- Born: January 4, 1900 Bellevue, Kentucky, U.S.
- Died: January 16, 1988 (aged 88)
- Education: Evander Childs Educational Campus National Academy of Design Art Academy of Cincinnati
- Known for: Painting
- Spouse: Anna Eikenhout (m. 1943–1986)
- Family: Lucien Hubbard (brother)

= Harlan Hubbard =

American painter

Harlan Hubbard (January 4, 1900 – January 16, 1988) was an American artist and writer, known for his simple lifestyle.

==Early life and education==
Hubbard was born in Bellevue, Kentucky. His father died when Harlan was only seven. Soon thereafter, his mother moved him to New York City to be with his two older brothers who were living there at the time. One of his brothers, Lucien Hubbard (1888–1971), became a Hollywood screenwriter. Hubbard attended Childs High School in the Bronx and received his art education from New York's National Academy of Design and the Art Academy of Cincinnati. In 1919, he returned with his mother to northern Kentucky and settled in Fort Thomas, Kentucky.

==Simple living at Payne Hollow==
As a young man, Hubbard saw the industrial development in America as a threat to the natural world and he came to reject consumer culture. In 1929 he started keeping a journal into which he poured his thoughts on society. In 1943, he married Anna Eikenhout. The following year they built a shantyboat at Brent, Kentucky and traveled down the Ohio and Mississippi rivers, ending their journey in the Louisiana bayous in 1951. His book Shantyboat recounts the eight-year journey from Brent to New Orleans. His book Shantyboat in the Bayous, which was published in 1990, completes the story.

In 1951, Harlan and Anna built a simple home at Payne Hollow on the shore of the Ohio River in Trimble County, Kentucky. It was there that the Hubbards lived lives that have been described as simultaneously frugal and abundant. Hubbard published two books on their lifestyle: Payne Hollow and Journals, 1929-1944. Author Wendell Berry was a close friend of Hubbard's who wrote and lectured on the Hubbards' lives.

Hubbard's wife Anna died on May 4, 1986. Hubbard himself died two years later at the age of 88.

==Artistic legacy==
Hubbard's art was largely pastoral, including oils, watercolors, and woodblock printing. The Behringer-Crawford Museum in Covington, Kentucky and the Frankfort Community Public Library (Frankfort, Indiana) have significant collections of his work.

Hubbard bequeathed Payne Hollow to his friend and fellow artist Paul Hassfurder.

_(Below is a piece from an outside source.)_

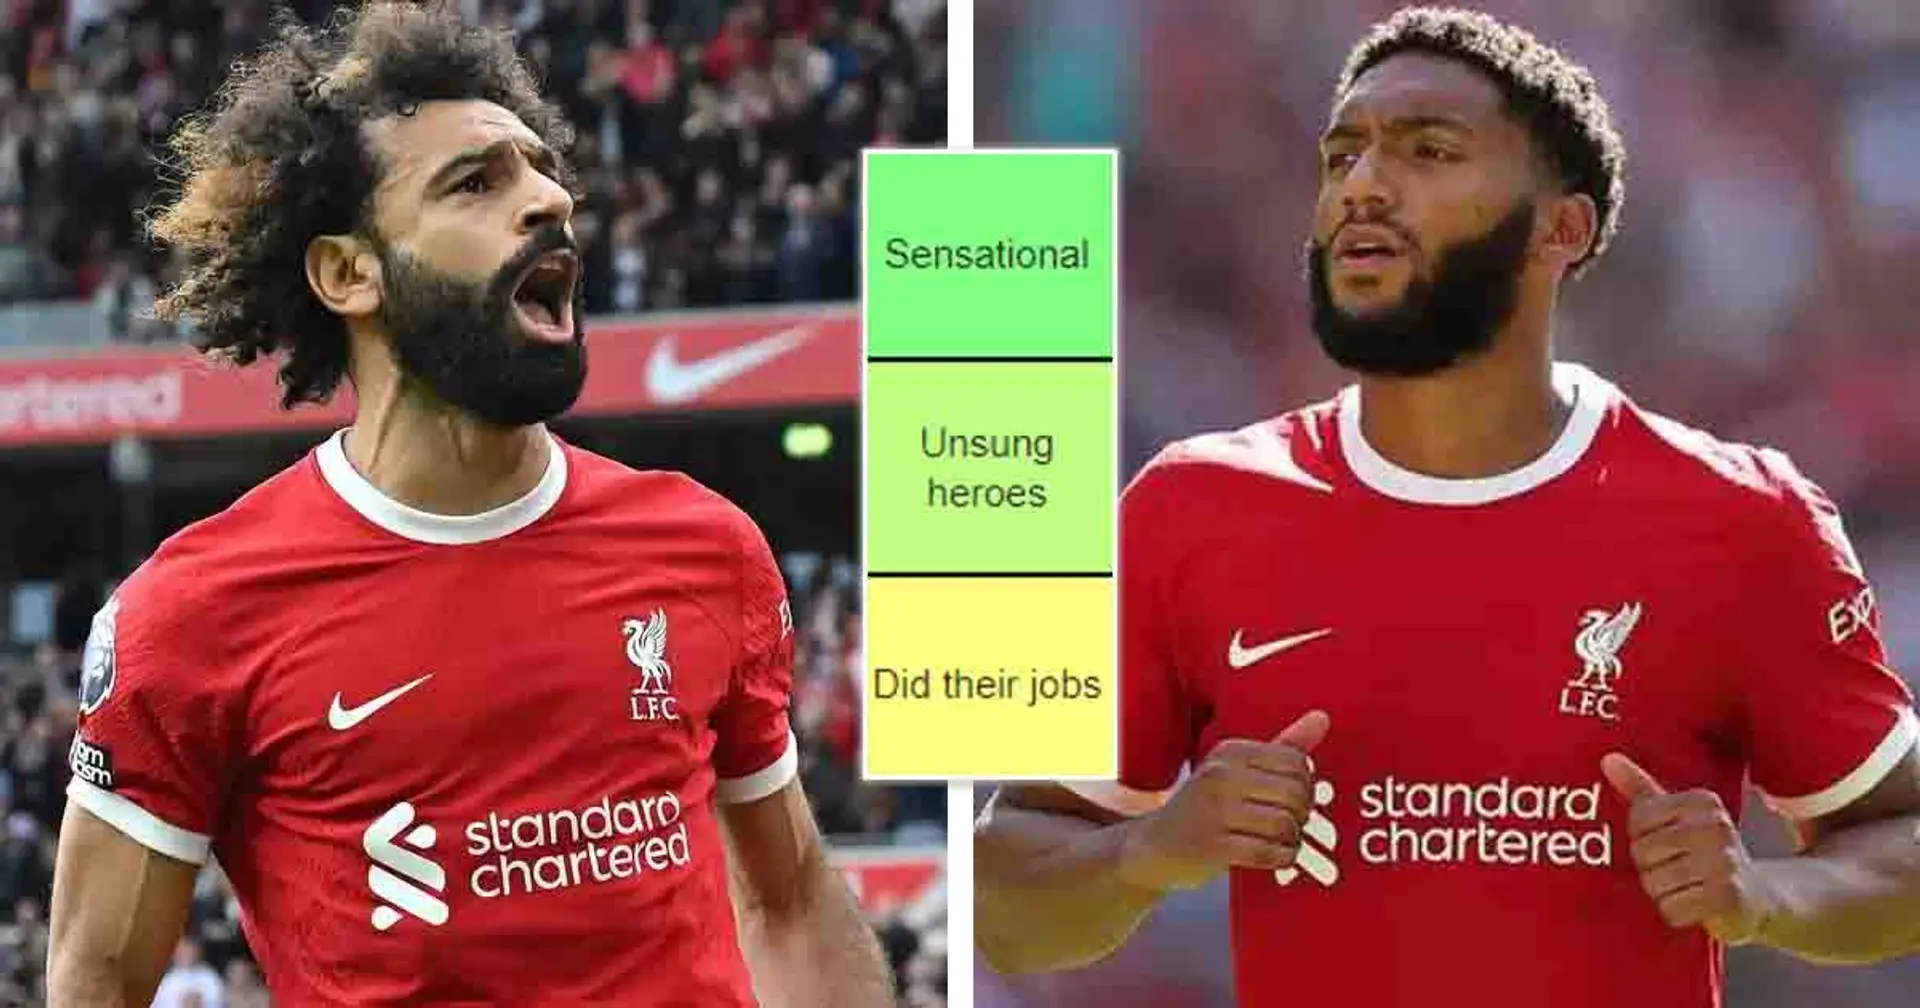 5 players sensational, 3 unsung heroes: Liverpool player performance tier list for West Ham thrashing

Hassfurder began living in Payne Hollow in 1989.

==Works==
- Shantyboat (New York: Dodd, Mead), 1953. [republished as Shantyboat: A River Way of Life (Lexington, KY: University Press of Kentucky), 1977. ISBN 0-8131-1359-8]
- Payne Hollow: Life on the Fringe of Society (New York: Eakins Press), 1974. ISBN 0-87130-040-0 [republished as a "new edition" in 1997 by Gnomon Press, ISBN 0-917788-66-4]
- "Payne Hollow" in Kentucky Renaissance: An Anthology of Contemporary Writing, Jonathan Greene, ed. (Lexington, KY: Gnomon Press), 1976.
- Harlan Hubbard Journals, 1929-1944 (Lexington, KY: University Press of Kentucky), 1987. ISBN 0-8131-1616-3
- Oyo: An Ohio River Anthology (with Don Wallis) (Yellow Springs, OH: Oyo Press), 1987.
- Shantyboat on the Bayous (Lexington, KY: University Press of Kentucky), 1990. ISBN 0-8131-1717-8
- Shantyboat Journal (Lexington, KY: University Press of Kentucky), 1994. ISBN 0-8131-1868-9
- The Woodcuts of Harlan Hubbard: From the Collection of Bill Caddell (Lexington, KY: University Press of Kentucky), 1994. ISBN 0-8131-1879-4
- Payne Hollow Journal (Lexington, KY: University Press of Kentucky), 1996. ISBN 0-8131-1954-5
- A Visit with Harlan Hubbard (with Wade H. Hall) (Lexington, KY: University of Kentucky Libraries), 1996. ISBN 0-917519-04-3
- Sonata at Payne Hollow: A Play (by Wendell Berry) (Monterey, KY: Larkspur Press), 2001.